There have also been increases in reports from school principals across the country who are finding that students are experiencing greater apathy, hopelessness and thoughts of death.
“We are seeing more and more young kids. I mean it used to be when we were talking about suicide statics, we were talking about that 25–45-year age bracket. And now, the alarm we’re seeing is in 10, 11, 12-year-olds who are suffering, and we have an obligation to hear and to respond,” said Sen. Lisa Murkowski, R-Alaska, during the hearing.
According to Murkowski, more than 80% of communities in Alaska do not have access to sufficient mental health providers.
In a list of requests to the Senate Committee, Rhyneer asked for a mental health curriculum to be developed and offered alongside other health courses in schools to prevent students from going into crisis.
“Mental health was never discussed at school, at home, or even in my health classes beyond the, ‘take care of yourself, get sleep, eat well and exercise,’ spiel. I didn’t seek help, because I didn’t know anything was wrong,” said Rhyneer.

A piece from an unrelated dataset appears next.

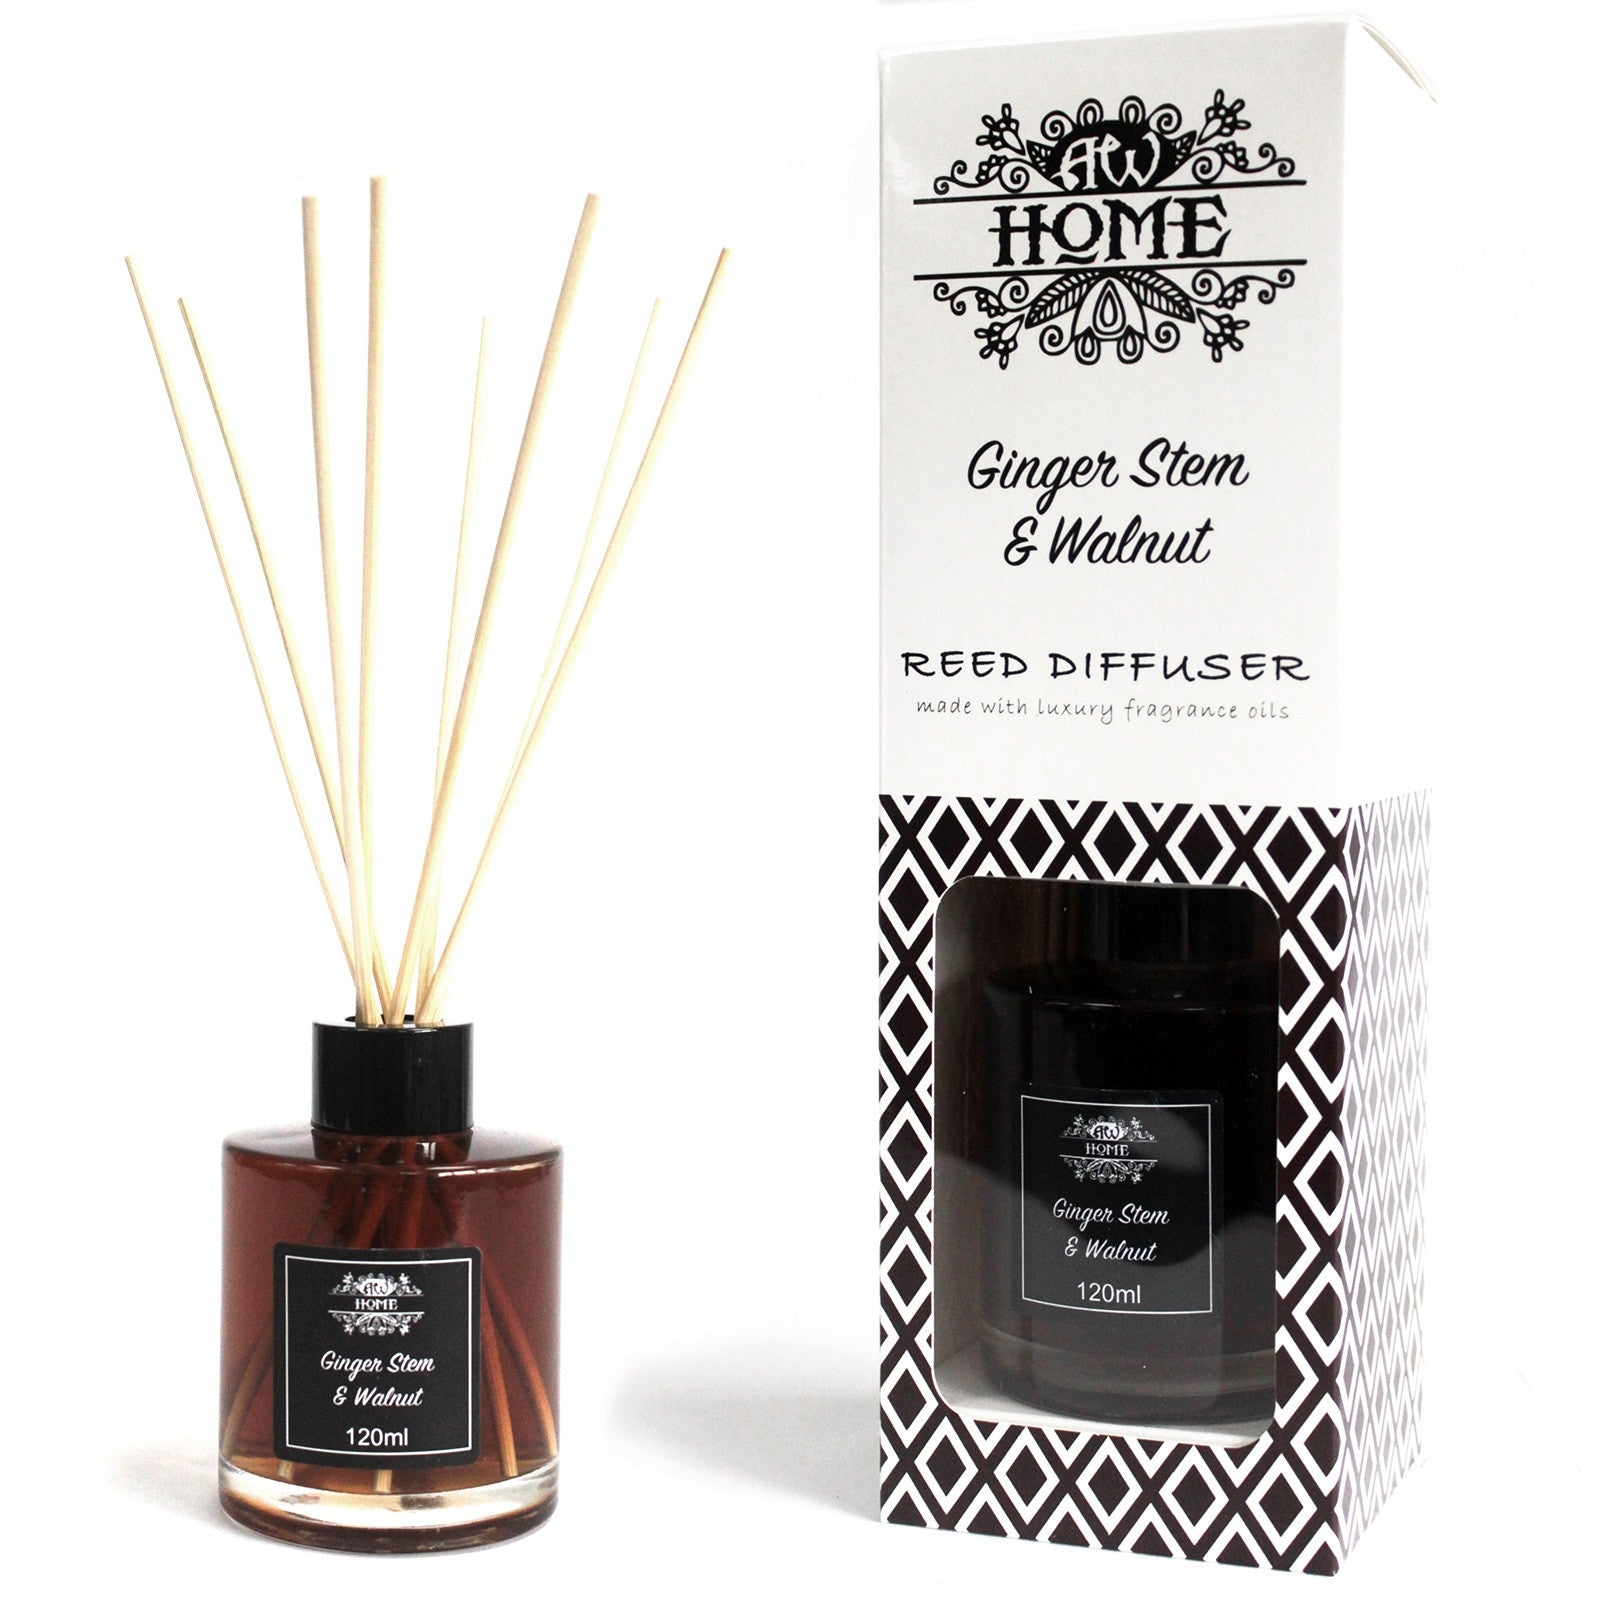 View 120ml Reed Diffuser Ginger Stem Walnut information
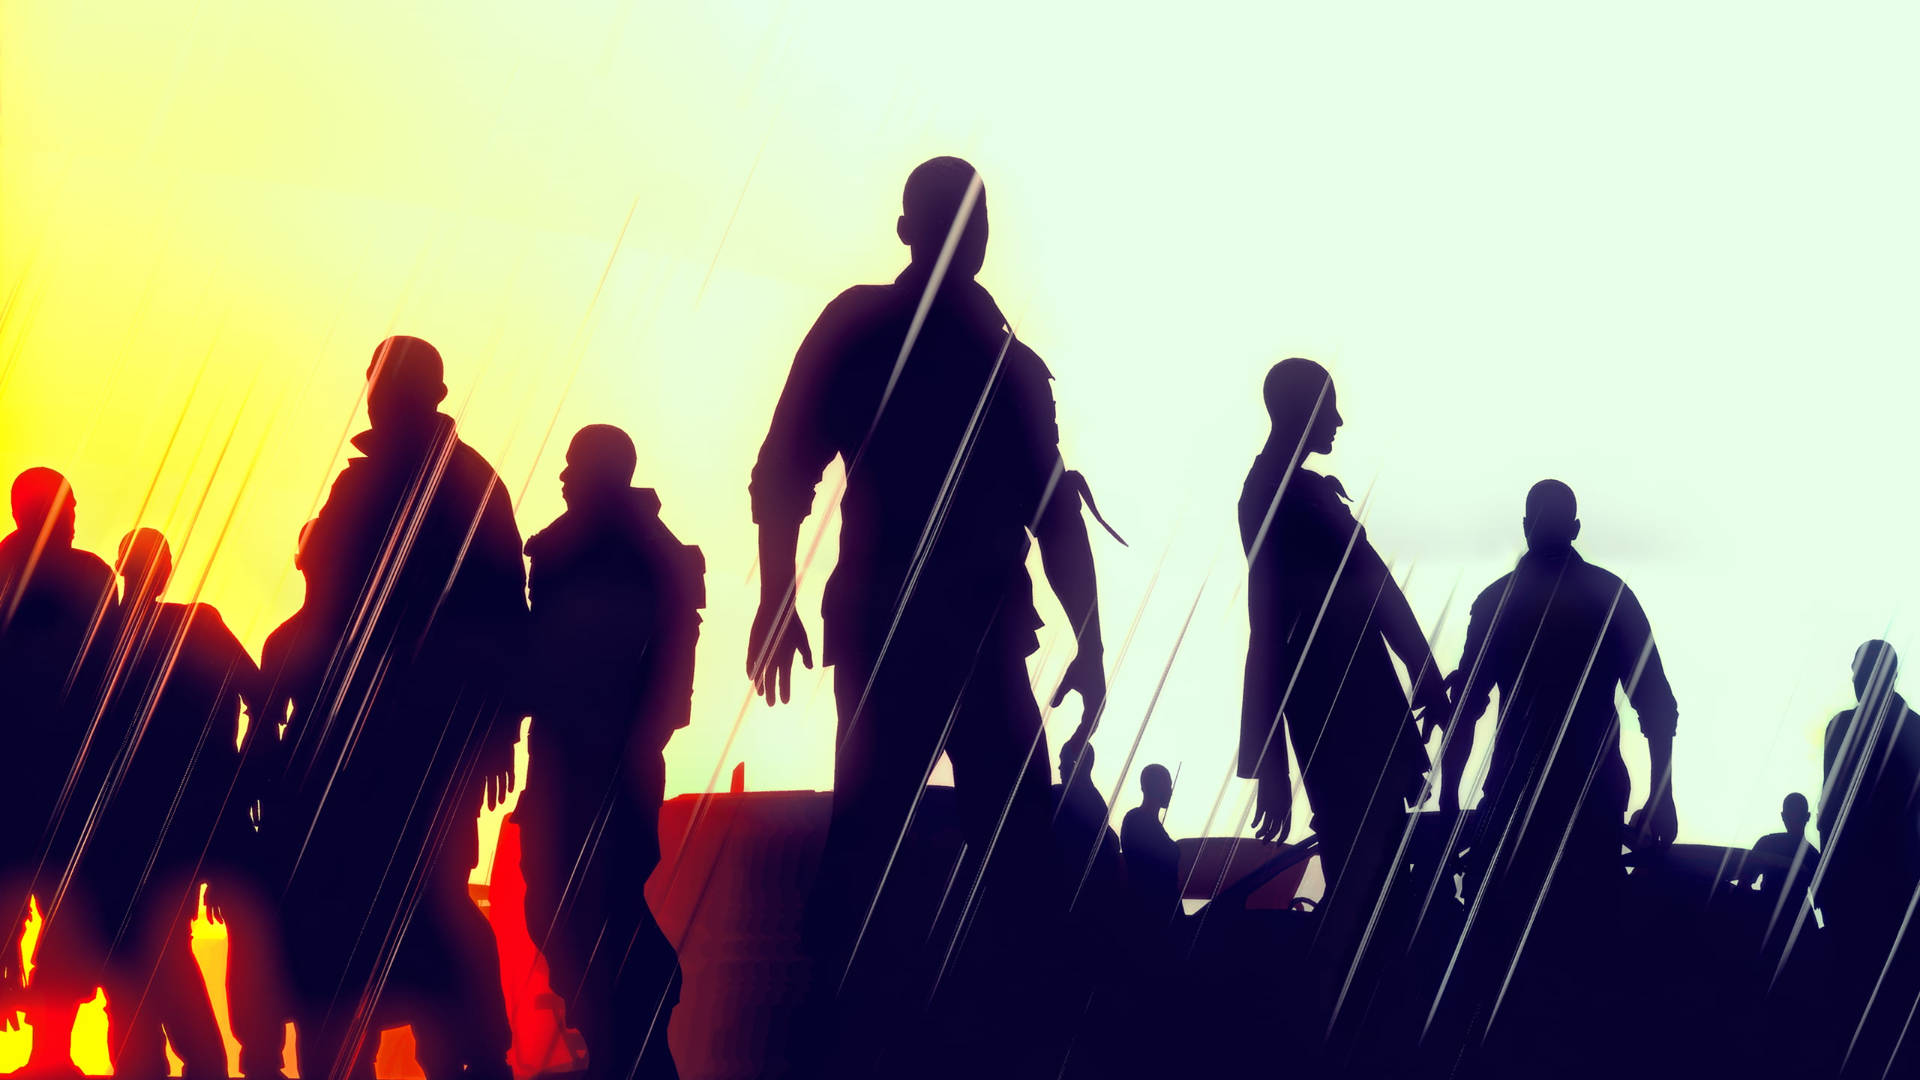 Dying Light Zombie Silhouettes

Murkowski and Sen. Jacky Rosen, D-Nev., will soon introduce a separate Youth Mental Health and Suicide Prevention Act to ensure that the HHS Substance Abuse and Mental Health Services Administration can provide additional mental health programming to elementary, middle and high school students.
Last year, the House Bipartisan Addiction and Mental Health Task Force developed a separate legislative package of 66 bills focused on strengthening addiction and mental health services, and a separate hearing was held this Wednesday by the House Ways and Means Committee to discuss taking action.
Murkowski also has introduced three other bills, one bill which aims to authorize a loan repayment plan for mental health providers, and a bill which would ensure insurance companies cover the price of critical mental health services. The third bill would provide resources for emergency room personnel to identify, asses and treat individuals at risk of suicides.
“Unfortunately, we know that’s where far too many who are seeking help end up, sitting in an emergency room where you don’t necessarily have those who are trained to identify and assess,” said Murkowski.
“My hope is — is that we build out a package focused on mental health, and we really key in on the workforce issues, because I think we really recognize that in all of our states we are sorely, sorely, lacking,” continued Murkowski.
Sen. Patty Murray, D-Wash., chairwoman of the Senate Health, Education, Labor, and Pensions Committee, responded to Murkowski, saying she looks forward to working on building out a legislative package focused on mental health improvements, especially when it comes to strengthening the nation’s workforce.
“Our mental health and substance abuse workforce is stretched too thin… if we keep stretching without action, something will break,” said Murray.